** Provided entries **
══════════════════════════════
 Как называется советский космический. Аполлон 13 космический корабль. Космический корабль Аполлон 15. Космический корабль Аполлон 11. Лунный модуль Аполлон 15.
══════════════════════════════
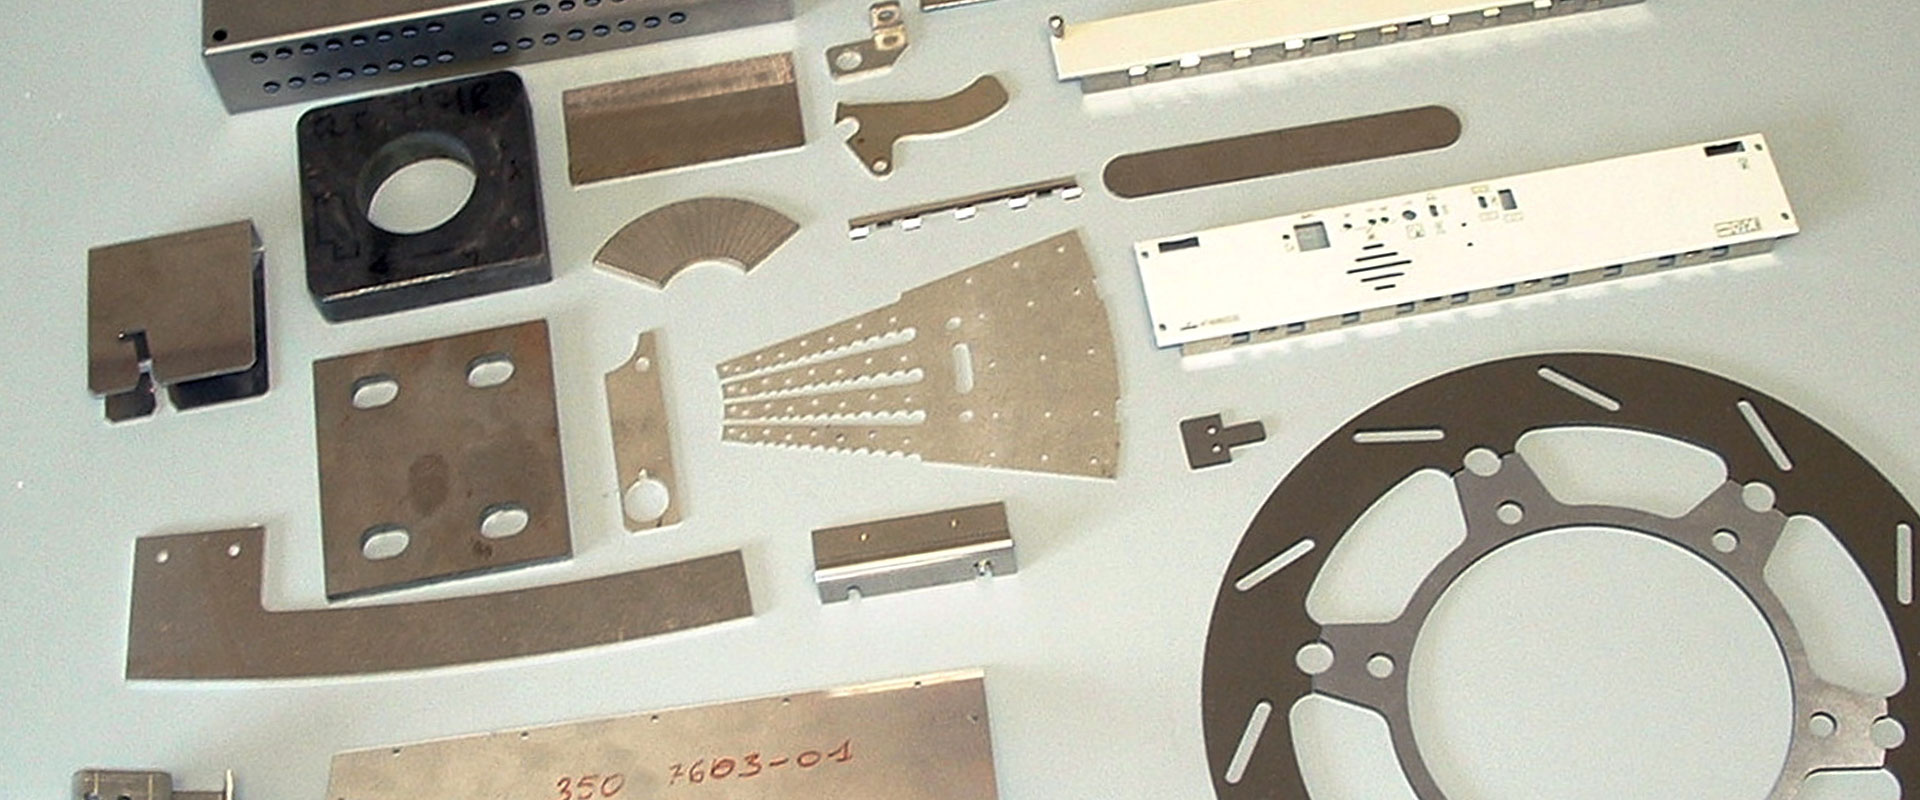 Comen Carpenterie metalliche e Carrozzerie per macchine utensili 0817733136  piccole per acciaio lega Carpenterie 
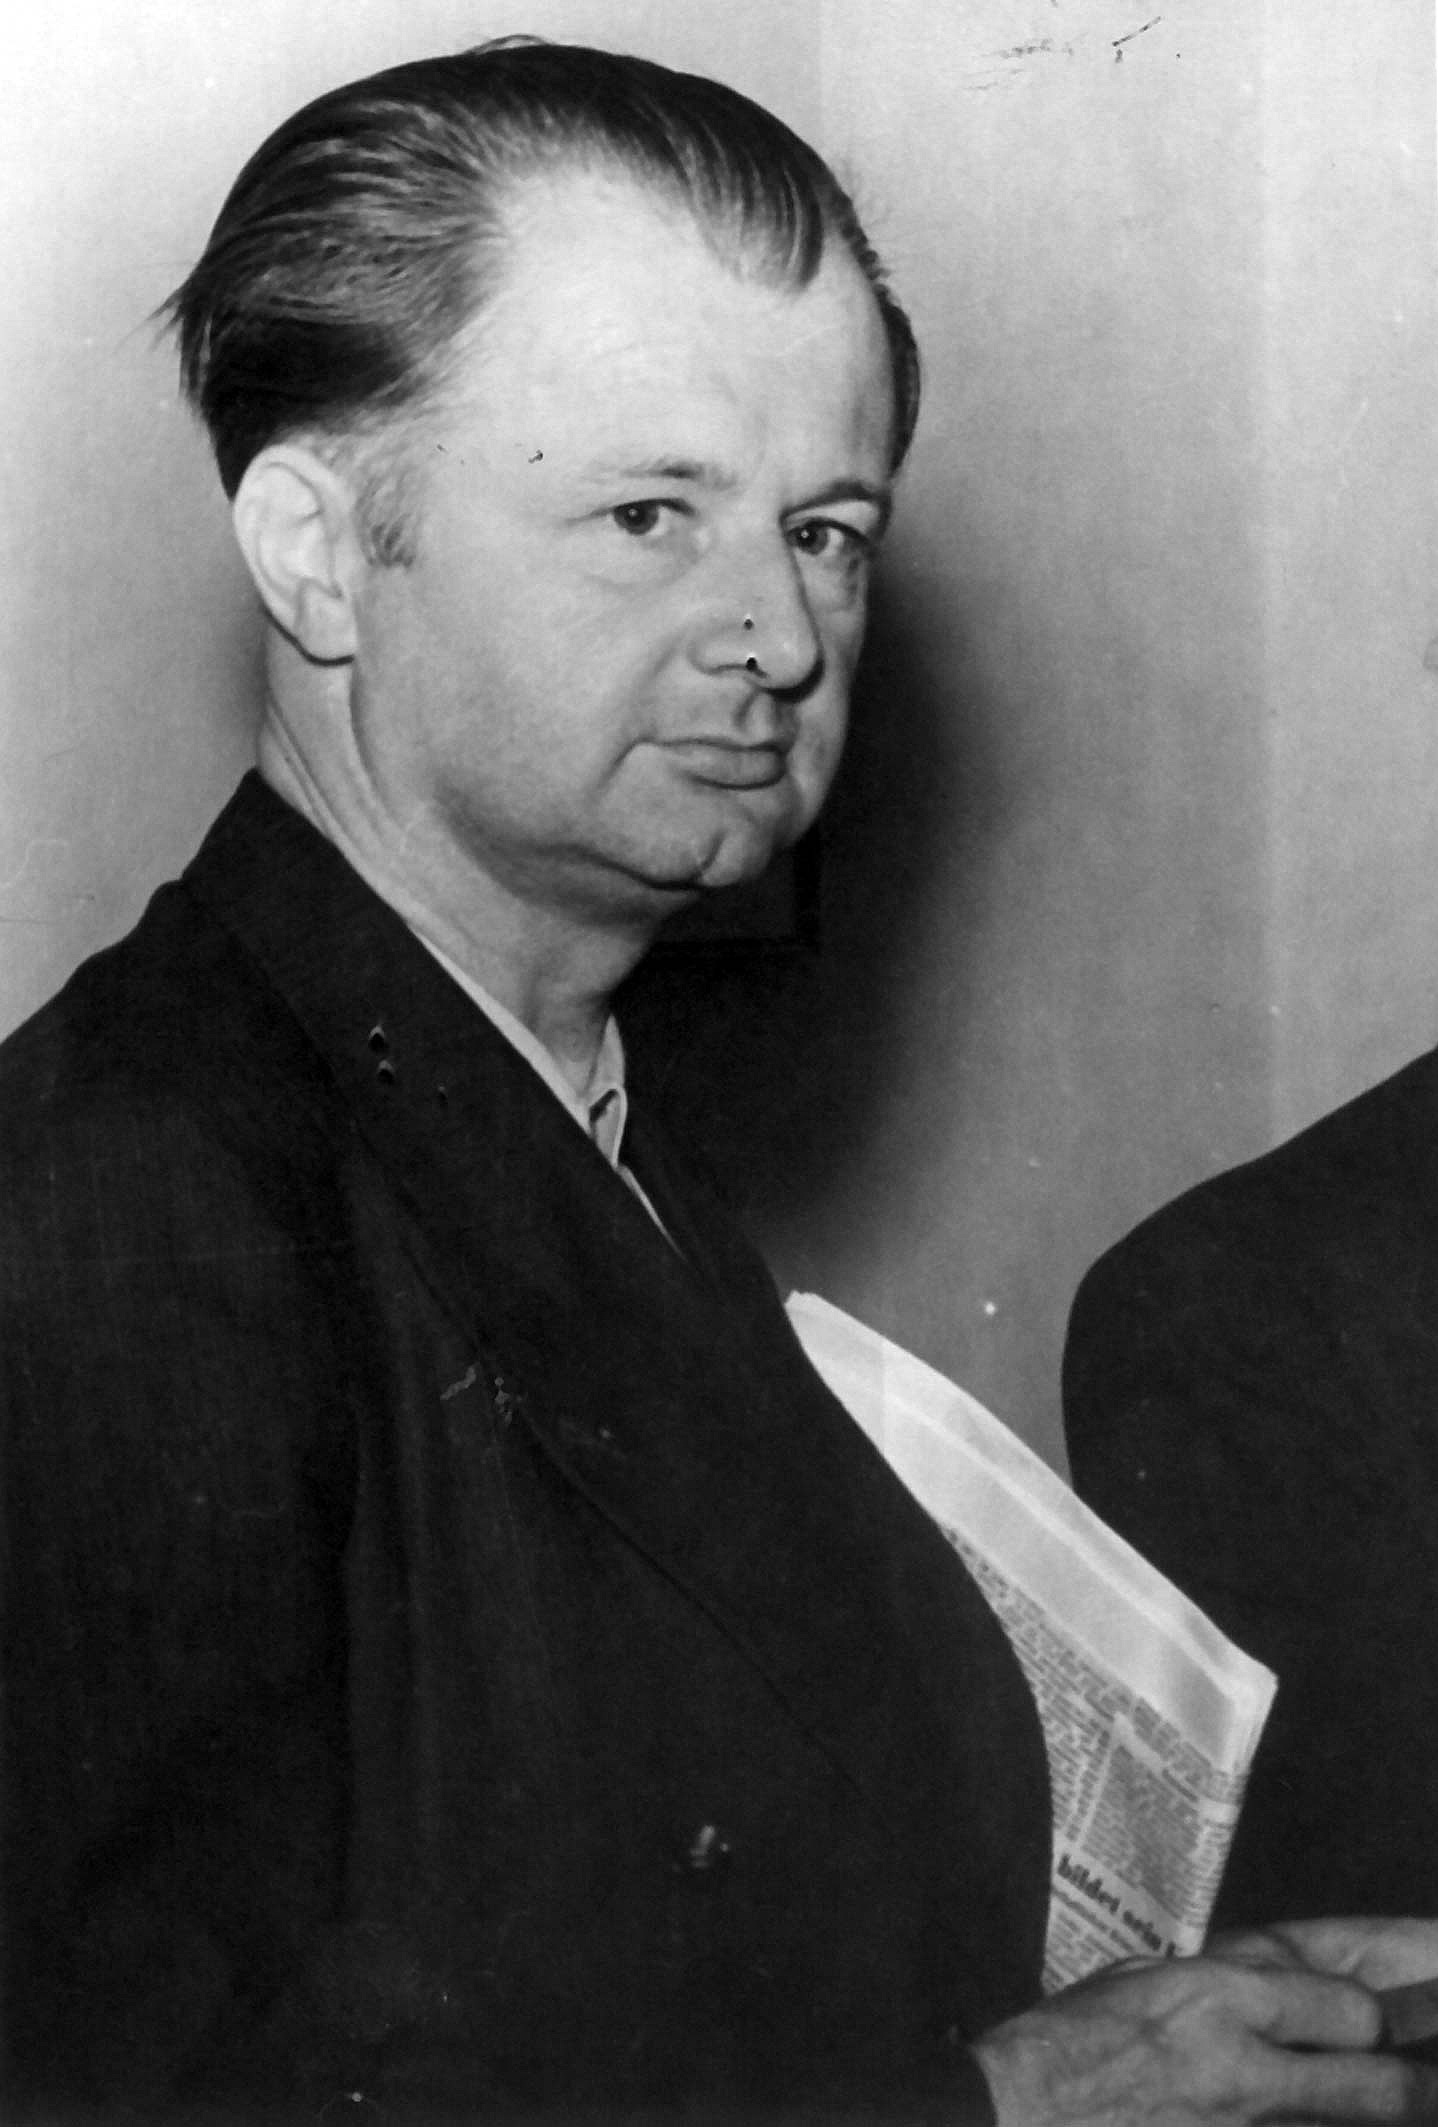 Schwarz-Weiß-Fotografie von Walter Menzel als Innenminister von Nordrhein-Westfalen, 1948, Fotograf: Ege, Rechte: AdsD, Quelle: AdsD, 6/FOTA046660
══════════════════════════════
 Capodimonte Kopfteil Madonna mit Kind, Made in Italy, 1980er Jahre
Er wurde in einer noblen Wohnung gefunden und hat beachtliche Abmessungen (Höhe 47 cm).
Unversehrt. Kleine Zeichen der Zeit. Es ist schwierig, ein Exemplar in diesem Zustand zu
══════════════════════════════
From the listing above, output exactly the run of lines that starts with the line containing "Er wurde in" and ends with the line containing "Unversehrt. Kleine Zeichen".

Er wurde in einer noblen Wohnung gefunden und hat beachtliche Abmessungen (Höhe 47 cm).
Unversehrt. Kleine Zeichen der Zeit. Es ist schwierig, ein Exemplar in diesem Zustand zu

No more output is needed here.